When you repeat the material, keep each line exact and omit the pictures.

• GIVEN INFORMATION:
++++

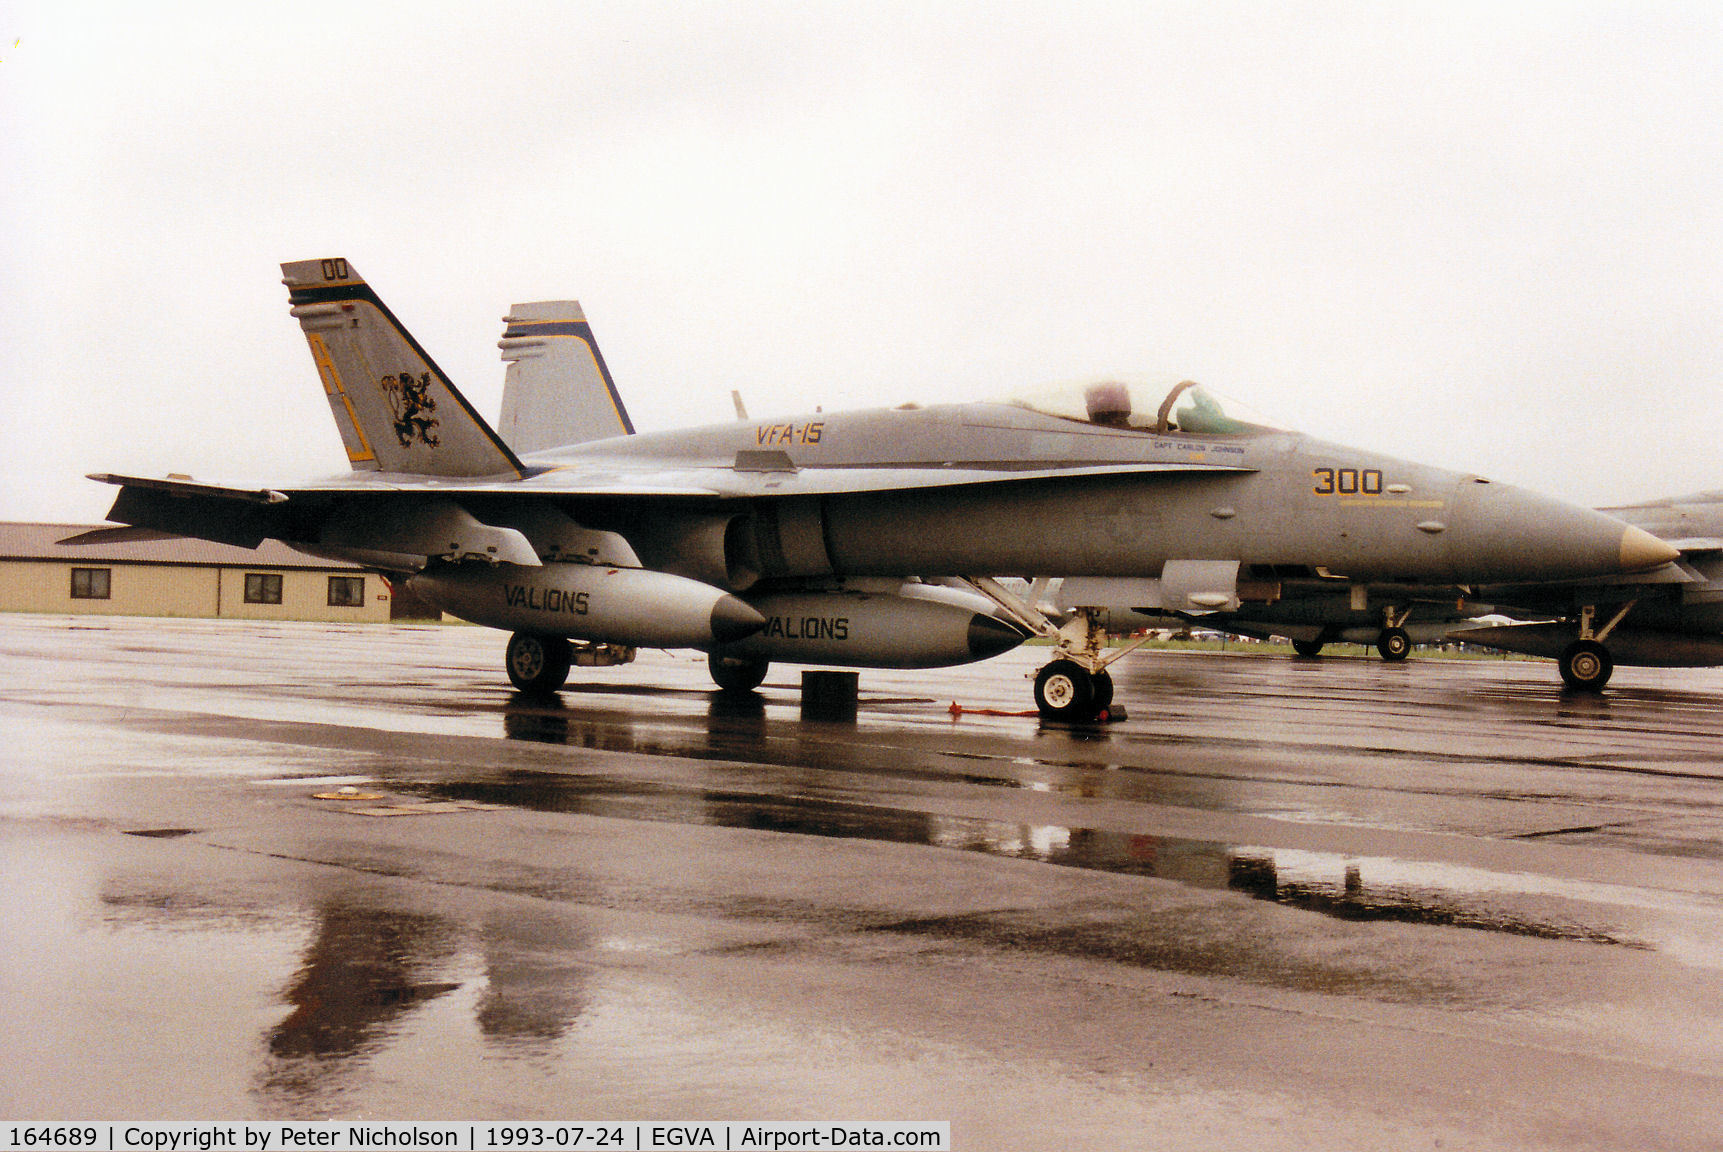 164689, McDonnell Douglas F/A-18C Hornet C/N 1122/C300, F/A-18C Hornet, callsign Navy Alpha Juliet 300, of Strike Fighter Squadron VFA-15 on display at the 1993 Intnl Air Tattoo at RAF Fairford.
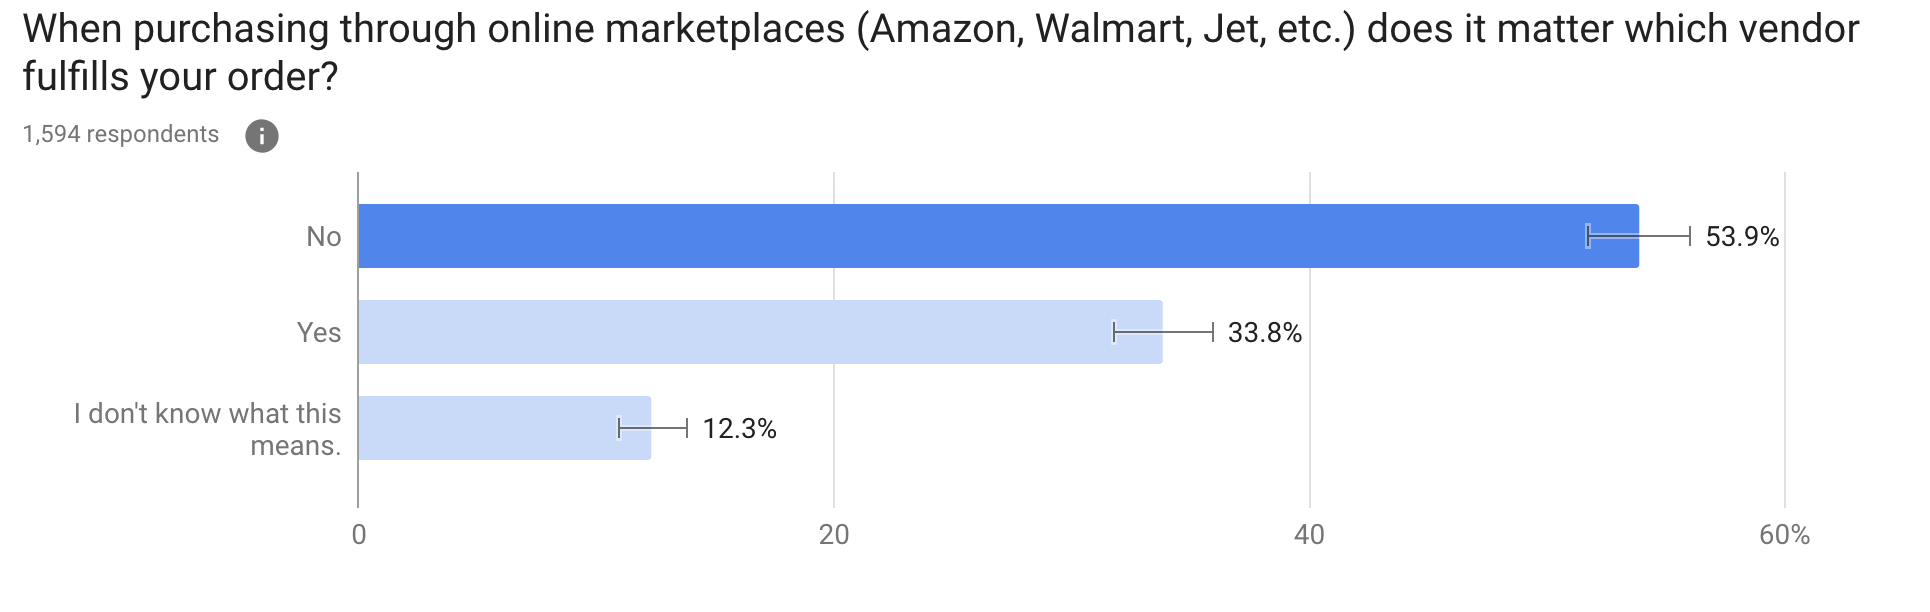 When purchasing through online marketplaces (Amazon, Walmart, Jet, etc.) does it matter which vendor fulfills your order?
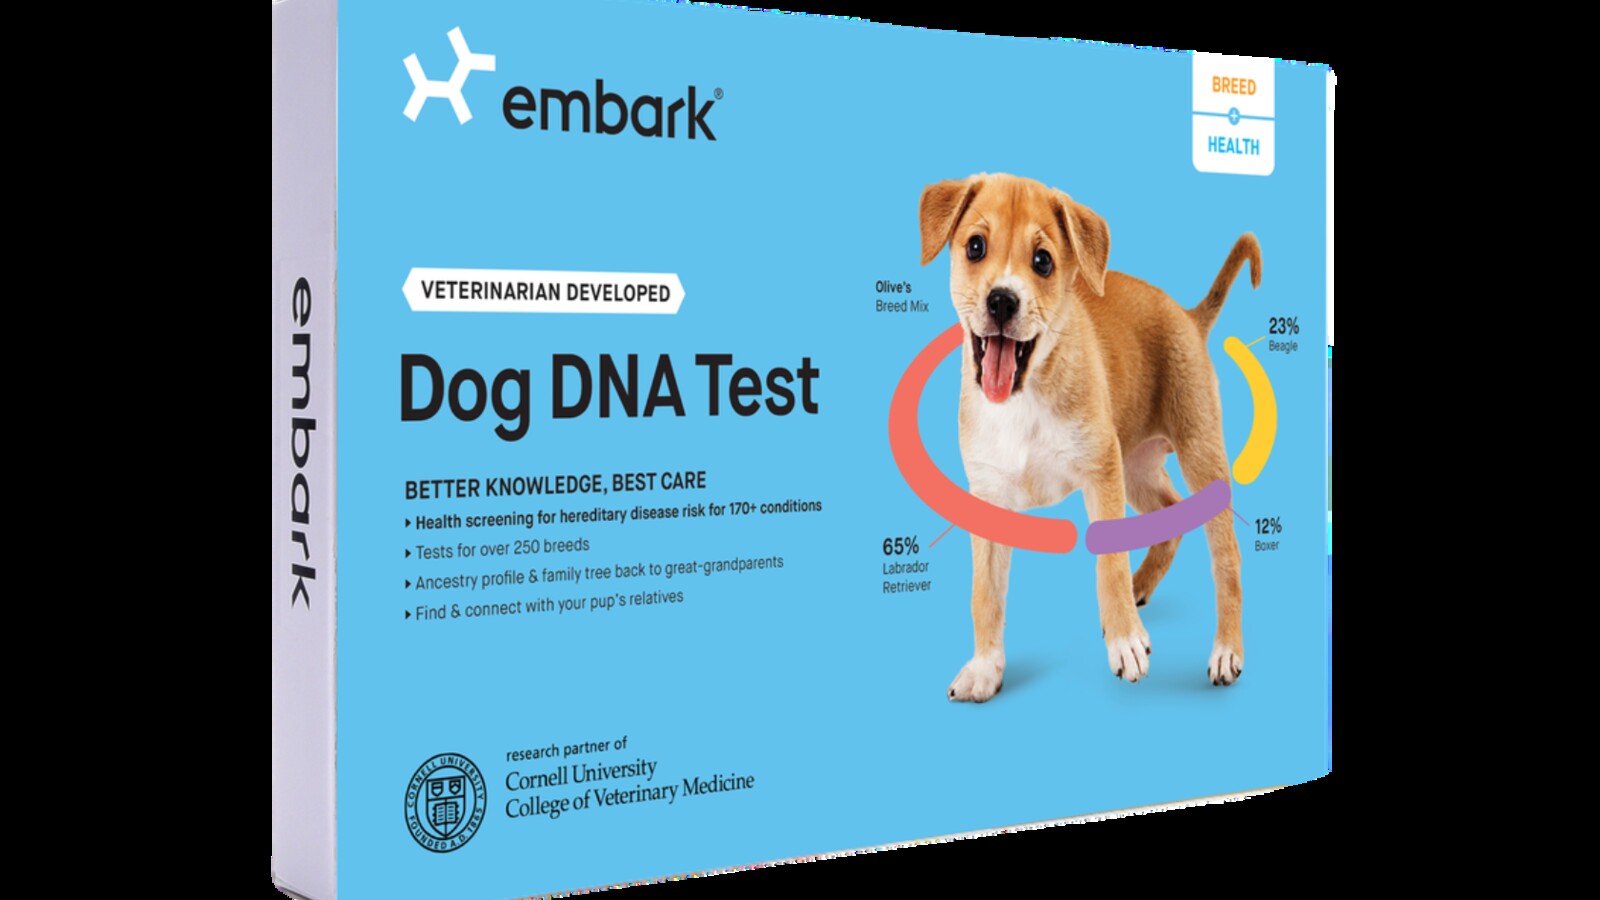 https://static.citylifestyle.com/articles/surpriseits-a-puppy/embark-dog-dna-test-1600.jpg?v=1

++++

• RESULT:
 164689, McDonnell Douglas F/A-18C Hornet C/N 1122/C300, F/A-18C Hornet, callsign Navy Alpha Juliet 300, of Strike Fighter Squadron VFA-15 on display at the 1993 Intnl Air Tattoo at RAF Fairford.
 When purchasing through online marketplaces (Amazon, Walmart, Jet, etc.) does it matter which vendor fulfills your order?
 https://static.citylifestyle.com/articles/surpriseits-a-puppy/embark-dog-dna-test-1600.jpg?v=1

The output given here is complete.